Hendry Broder Weltwoche 3.7.08 "Seine Kollegen trauten ihren Ohren nicht, als Krüger seine Version des Anschlags vor ihnen ausbreitete. Er habe gesagt, erinnert sich ein Teilnehmer der Tagung, "die jüdischen Sportler hätten gewusst, dass es ein Attentat geben werde, sie seien freiwillig in den Tod gegangen für eine größere jüdische Sache", Krügers Beitrag "war ein Skandal, der mit Wissenschaft nichts zu tun hatte, eine antijüdische Räubergeschichte". Freilich: Zu einem richtigen Skandal wurde die "Räubergeschichte" erst, nachdem sie von einigen Medien, u.a. dem Deutschlandfunk und Spiegel online, aufgegriffen wurde. Es ging nicht nur um Krügers Ruf, auch das Ansehen der Göttinger Uni war in Gefahr, die zu den Hochschulen mit "Exzellenz"-Status gehört."

Spiegel-Online 28.6.08 und Internetzeitung Die Jüdische 30.6.08 zitieren den Newsletter der israelischen Botschaft: "Israels Gesandter und stellvertretender Botschafter in Berlin, Ilan Mor, hat die Äußerungen Krügers scharf verurteilt: "Das ist eine der schlimmsten Formen der Dehumanisierung des Staates Israel und eine Form des neu aufflackernden Antisemitismus in Deutschland, verpackt als Israel- Kritik".
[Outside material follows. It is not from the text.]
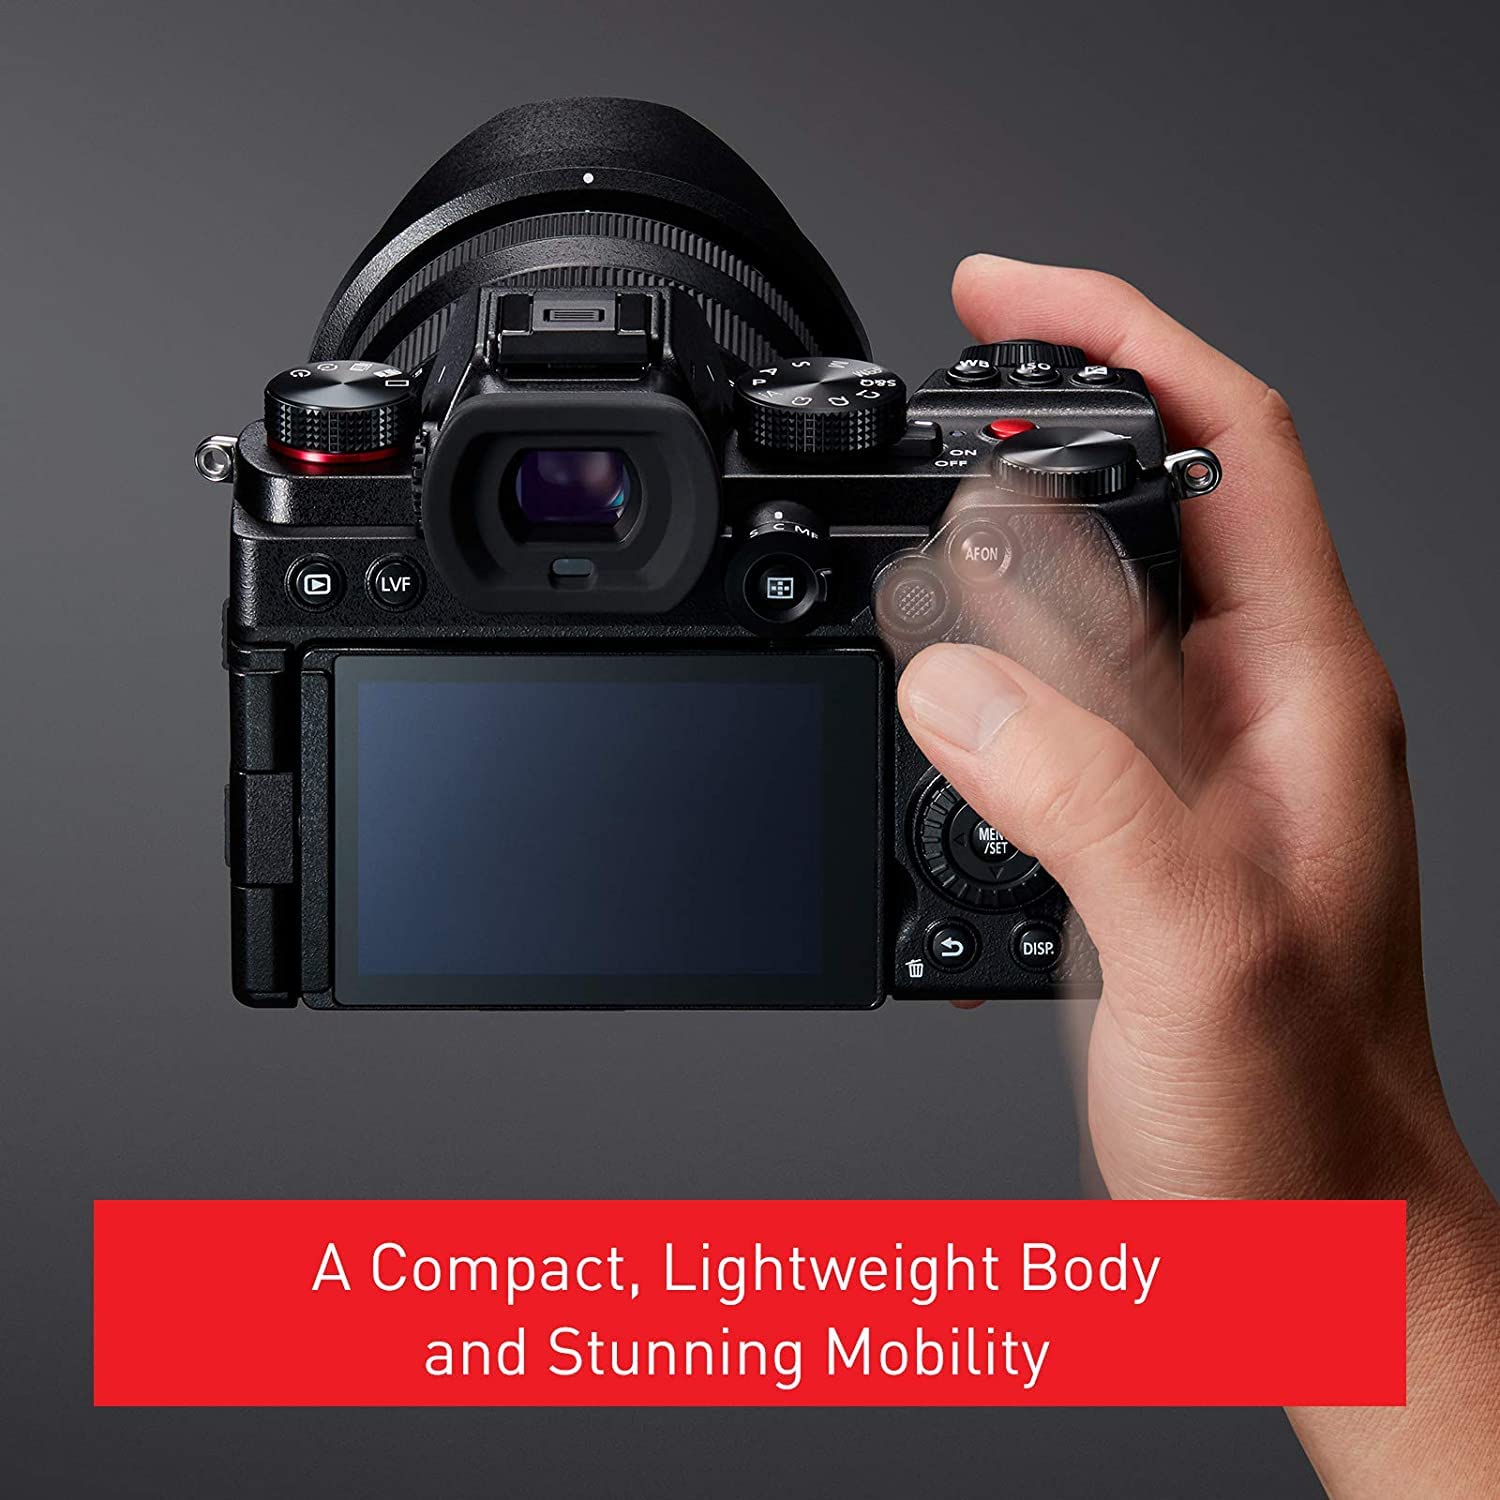 Panasonic LUMIX S5 Full Frame Mirrorless Camera (DC-S5KK) and LUMIX S Pro 16-35mm F4 Wide Zoom Lens (S-R1635)

Zentralrat der Juden in Deutschland 1.7.08: " Antisemitismus pur: Sportwissenschaftler Arnd Krüger behauptet israelische Attentatsopfer seien 1972 freiwillig gestorben. Die Äußerungen des Göttinger Sportwissenschaftlers Arnd Krüger, wonach die 1972 beim Olympia-Attentat getöteten israelischen Athleten freiwillig gestorben seien, um die Schuld Deutschlands gegenüber dem Staat Israel zu verlängern, sind "Antisemitismus pur" so der Vizepräsident des Zentralrats der Juden, Dr. Dieter Graumann." "Selbst wenn die Äußerungen Krügers durch die Meinungsfreiheit gedeckt sein sollten, so sind das Schweigen und die bisherigen Beschwichtigungsversuche der Leitung der Universität Göttingen und der Deutschen Vereinigung für Sportwissenschaft (DVS) mindestens ebenso skandalös wie Krügers Aussagen selbst", meint Graumann. Die in seinem Vortrag konstruierten Zusammenhänge, wonach zwischen dem angeblichen Opfergang sowie einem unterschiedlichen Körperverständnis, dass in Israel herrsche, denn dort versuche beispielsweise die Jüdische Kultur Leben mit Behinderung massiv zu verhindern, eine Verbindung bestehe, überschreitet die Meinungsfreiheit und grenzt an Volksverhetzung. Hier sind Konsequenzen längst überfällig.", sagt Dr. Dieter Graumann."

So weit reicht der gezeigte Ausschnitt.